No nível animal-humano, a vida se desenvolve num regime de luta, porque tal é a lei desse plano evolutivo. Disto decorre que, em tal ambiente, a regra é os bons serem explorados e eliminados por não serem fortes nem astutos. Para o nosso mundo, a bondade é uma forma de fraqueza que cada um pode ter o direito de explorar, utilizando-a para sua própria vantagem. Na prática, até se assiste ao absurdo de se tentar aproveitar da bondade de Deus, visto tal mundo saber ser Ele infinitamente bom. É necessário então desvendar tão perigosa ilusão, filha da ignorância e dos instintos dos primitivos.  Se o mundo, porque lhe convém, gosta de imaginar Deus dessa maneira, é necessário entender que Ele não é bom só para que seja possível explorar Sua bondade com o engano, mas que Ele é sobretudo inteligente, de modo que ninguém O pode lograr e com a sua astúcia evadir-se da Sua Lei, como o homem almejaria, de acordo com a sua forma mental. É  preciso compreender que, sendo Deus bom, não é por isso um simplório que possa ser enganado. Semelhante psicologia é terrena, para atingir as finalidades da lei da seleção. Na sua concepção de Deus, o homem não sabe sair da sua forma mental, produto do seu grau de evolução e adaptada ao seu ambiente, para nele promover o seu progresso e trabalho biológico.

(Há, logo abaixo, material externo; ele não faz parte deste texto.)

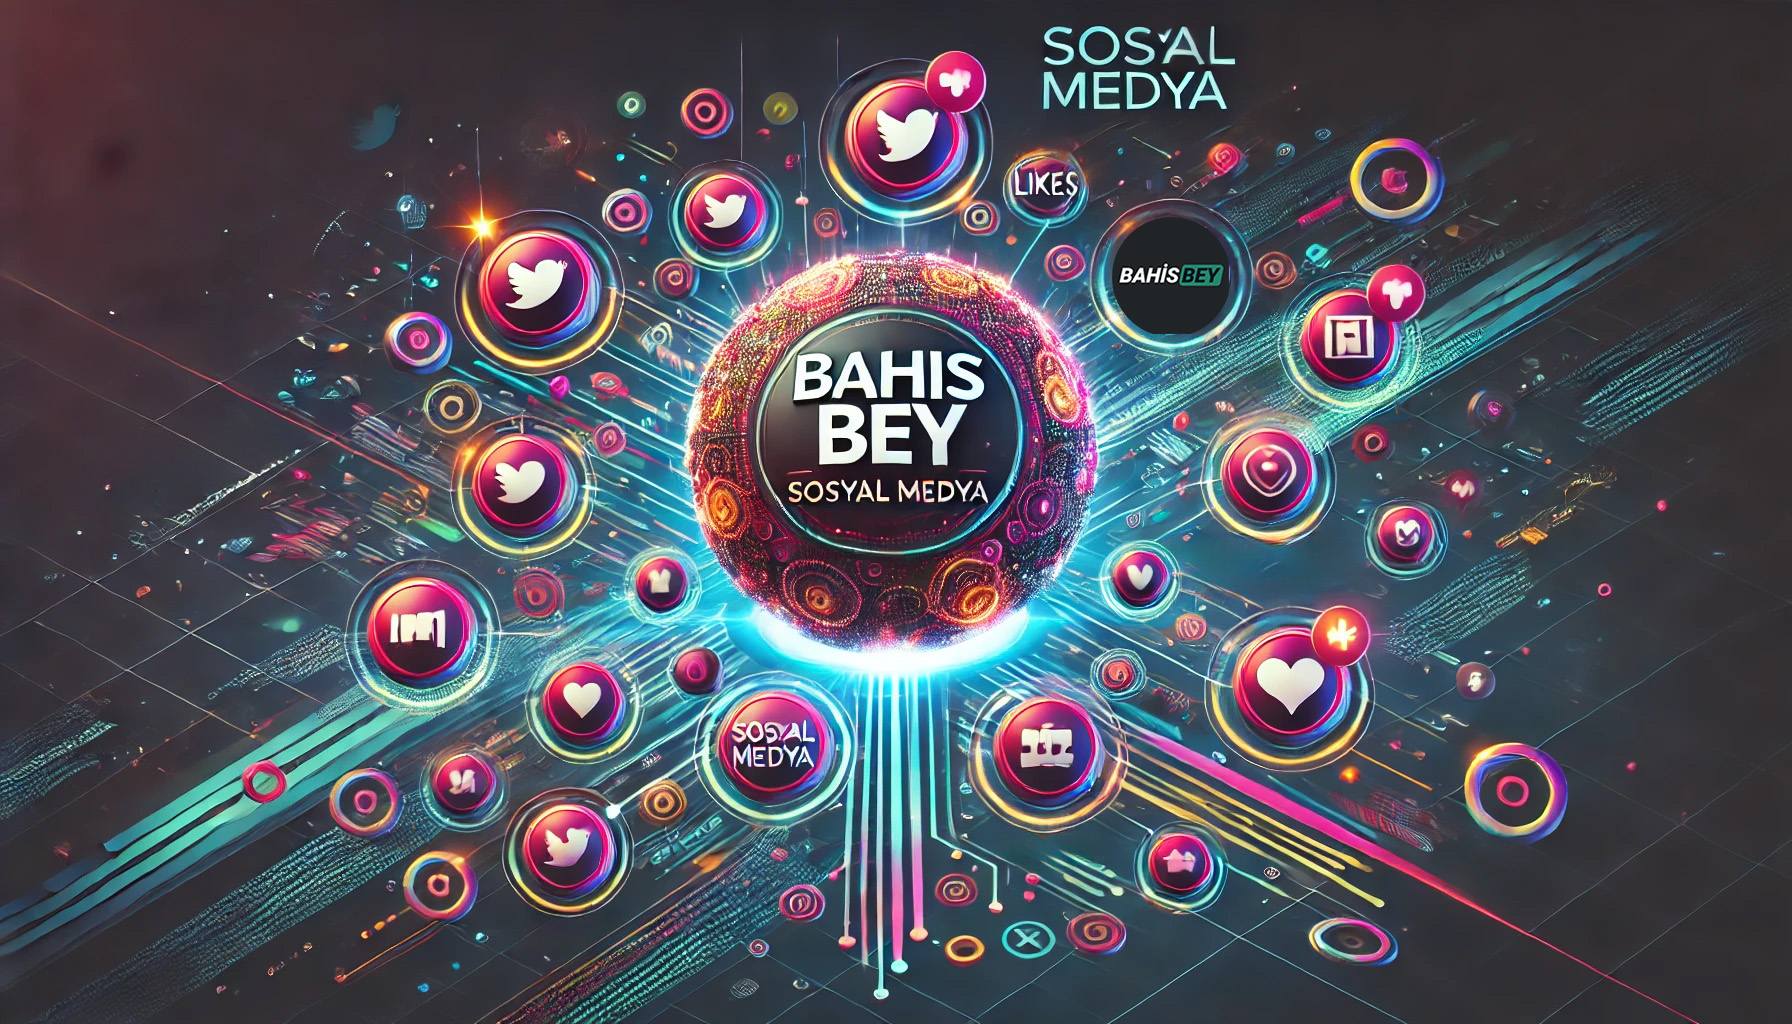 Bahisbey'in Sosyal Medyada Başarısının Sırrı Nedir?

Perante Deus e a Sua Lei é loucura querer ser astuto, porque não há escapatórias. Quem faz o mal tem de pagá-lo à sua custa, não importando se é crente ou não. A nossa opinião, a nossa fé religiosa ou filosófica, não pode fazer mudar as leis da vida. Ninguém pode embrulhar Deus e a Sua Lei. Mas o homem não gosta de semelhante conceito, antes prefere, e por isso imaginou, um Deus bom que se pode enganar. Mas isso é um produto do subconsciente instintivo, é uma redução do conceito de Deus dentro dos limites da psicologia terrena de luta, é uma criação da mente humana para satisfazer um desejo seu, não correspondendo à verdade. Esta é o que é, em forma positiva, para todos, incluindo os ateus, e não é o resultado do que cada um, conforme a sua natureza, gosta mais de crer. O homem aceita o conceito de um deus enganável porque isso lhe agrada, ao mesmo tempo que satisfaz o seu instinto de prevalecer acima de todos, e assim pensa ser possível aproveitai--se desse Deus. Ora, é necessário não cair nesse engano, pelo qual quem quer acaba sendo enganado. O que de fato ocorre é o contrário do que o homem pensa: Deus abandona ao poder de reação da Lei quem quer fugir à obediência, enquanto defende os sinceros e os honestos, os quais, seguindo o método da justiça, não querem se aproveitar de ninguém, e isso apesar do mundo, seguidor do método da luta, os explorar e esmagar, já que naquele nível eles são considerados simplórios e  tolos, isto é, o biótipo do fraco a ser eliminado pela lei da seleção do mais forte.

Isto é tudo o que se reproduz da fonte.